Chinese businesses are now resuming operations and in Beijing traffic levels are currently where they were pre-crisis. Understandably, areas such as real estate and outdoor leisure are taking longer to pick up. However, after a 15.8% fall in total retail sales of consumer goods year-on-year, China is now seeing a 4.7% increase compared to January and February (when they were hardest hit by the virus). We will get through this, it’s just hard to say how long it will take.

It’s unlikely that things will start to normalise for at least 3 months, even when social distancing brings populations back into public environments. In China, most people are still choosing to focus their leisure time at home rather than in crowded places. Businesses that have adapted to online demand will need to maintain and improve these adaptations as a shift to digital is expected to be sustained.

Our economy is more globalised than ever before

The Chinese economy is estimated to recover by late 2020 or early 2021, but it will be a slow road. Around 20% of their GDP comes from exports, with the UK, US, Germany and France being their biggest markets. Global demand is therefore key to its recovery and how long the shock lasts.

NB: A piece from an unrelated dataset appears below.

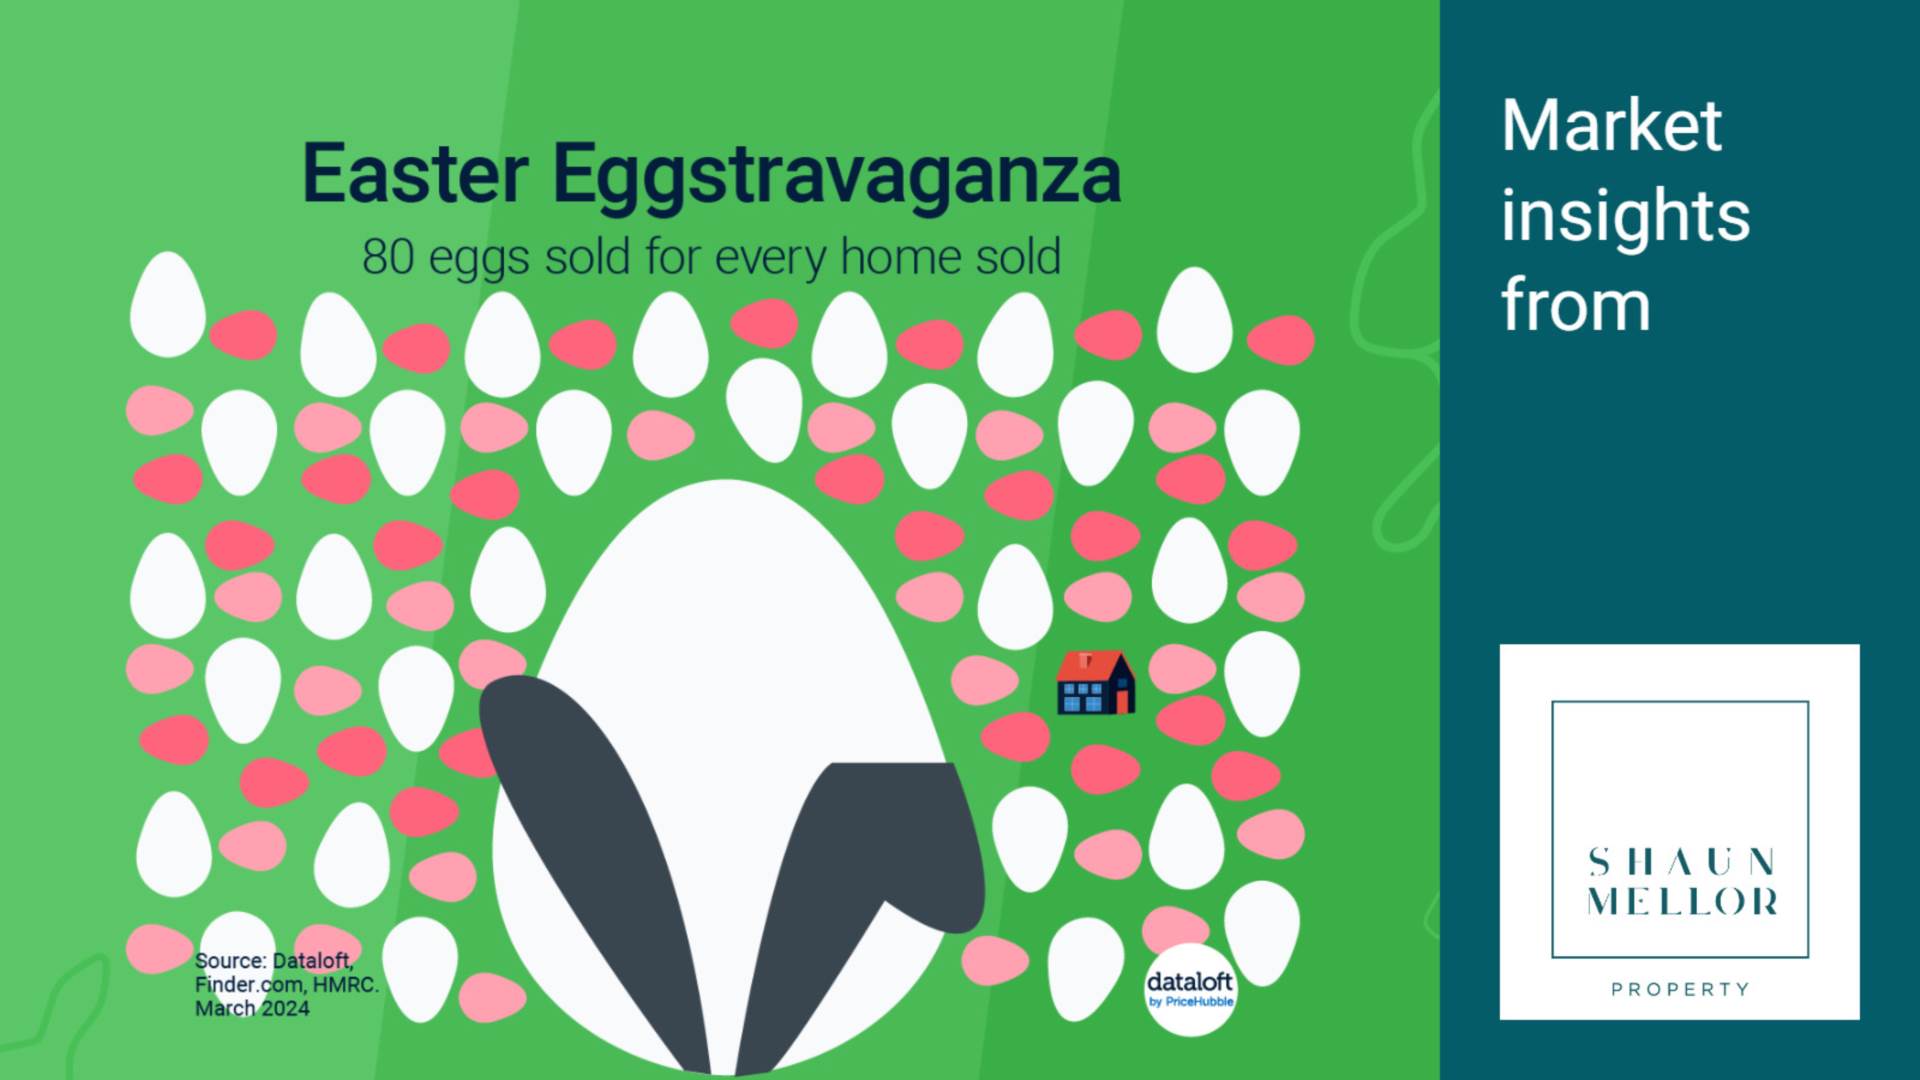 Ester Eggstravaganza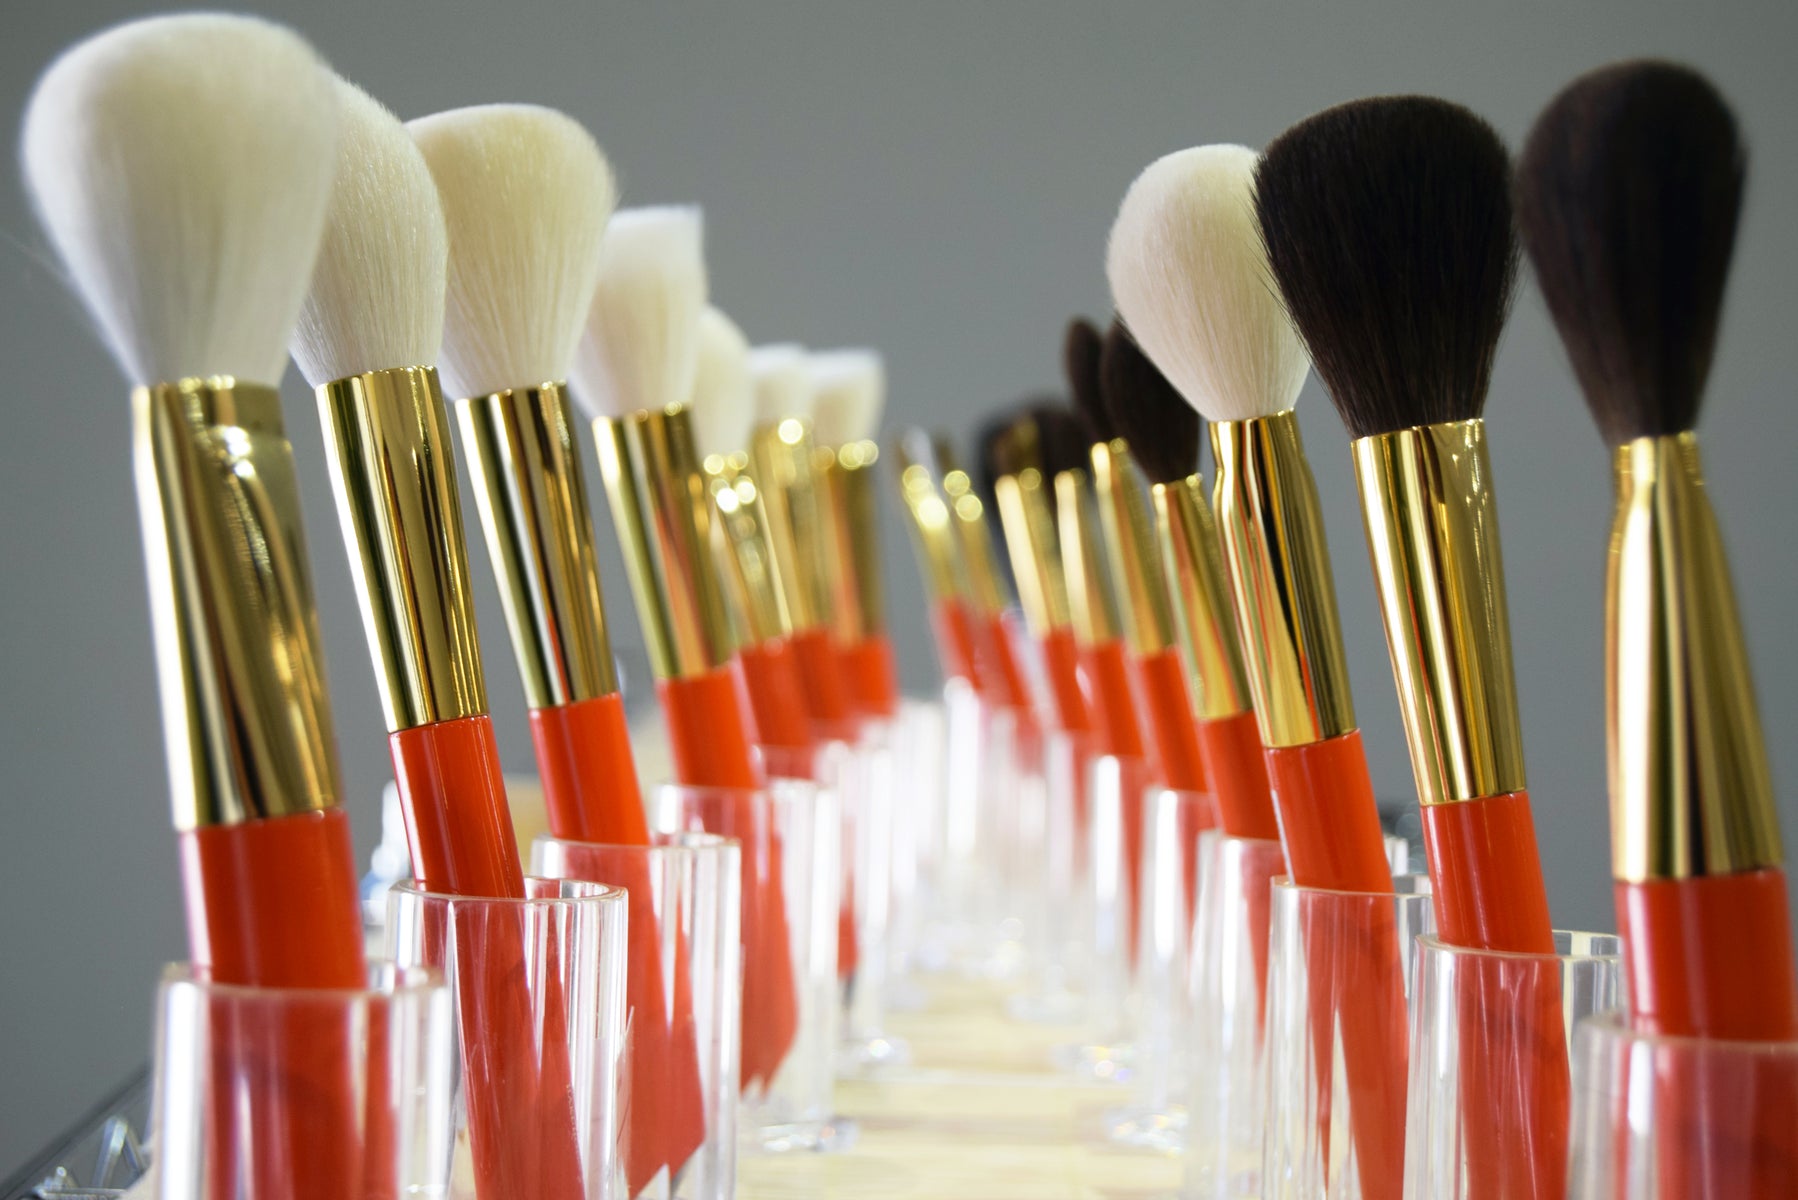 Cosmetics Brush Set, Shop-All/Makeup/Enhance

Our own recovery will have an impact on theirs. It remains to be seen which spending shifts are permanent and which will be perpetual on a global scale.

Current travel restrictions are expected to last in the medium term, so it’s likely that spending will remain domestic and as local as feasible. Without a global market to sell to, all regions will suffer across diverse industries. With economies being so much more global nowadays, we can’t just look at one country as indication. China is a main growth engine, and they were hit first, but we all rely on each other.

Changes are hard to project

The US and Europe are likely to have a longer rebound period as public health interventions were introduced later in the infection cycle. Although China seems to have gone through the peak of the crisis and is on its way to recovery, circumstances are still too uncertain to predict. Public behaviour in China is still cautious, and with a fifth of their economy based on exports, it’s hard to see concrete evidence of ‘recovery’. Their recovery is as much dependent on ours as we are on theirs.

In his address this morning, Boris Johnson asked UK businesses to be patient and assured them that, when the time is right, “one by one, we will fire up the engines of the UK economy”. Even though time frames remain uncertain for now, businesses need to start thinking about successful recovery after society shifts back to a more public existence.

The ways we’ve adapted so far have shown exceptional innovation, strength and resilience across a wide range of industries. Now’s the time to become even stronger, more innovative and resilient as we look ahead to life after lockdown and our own economic recovery.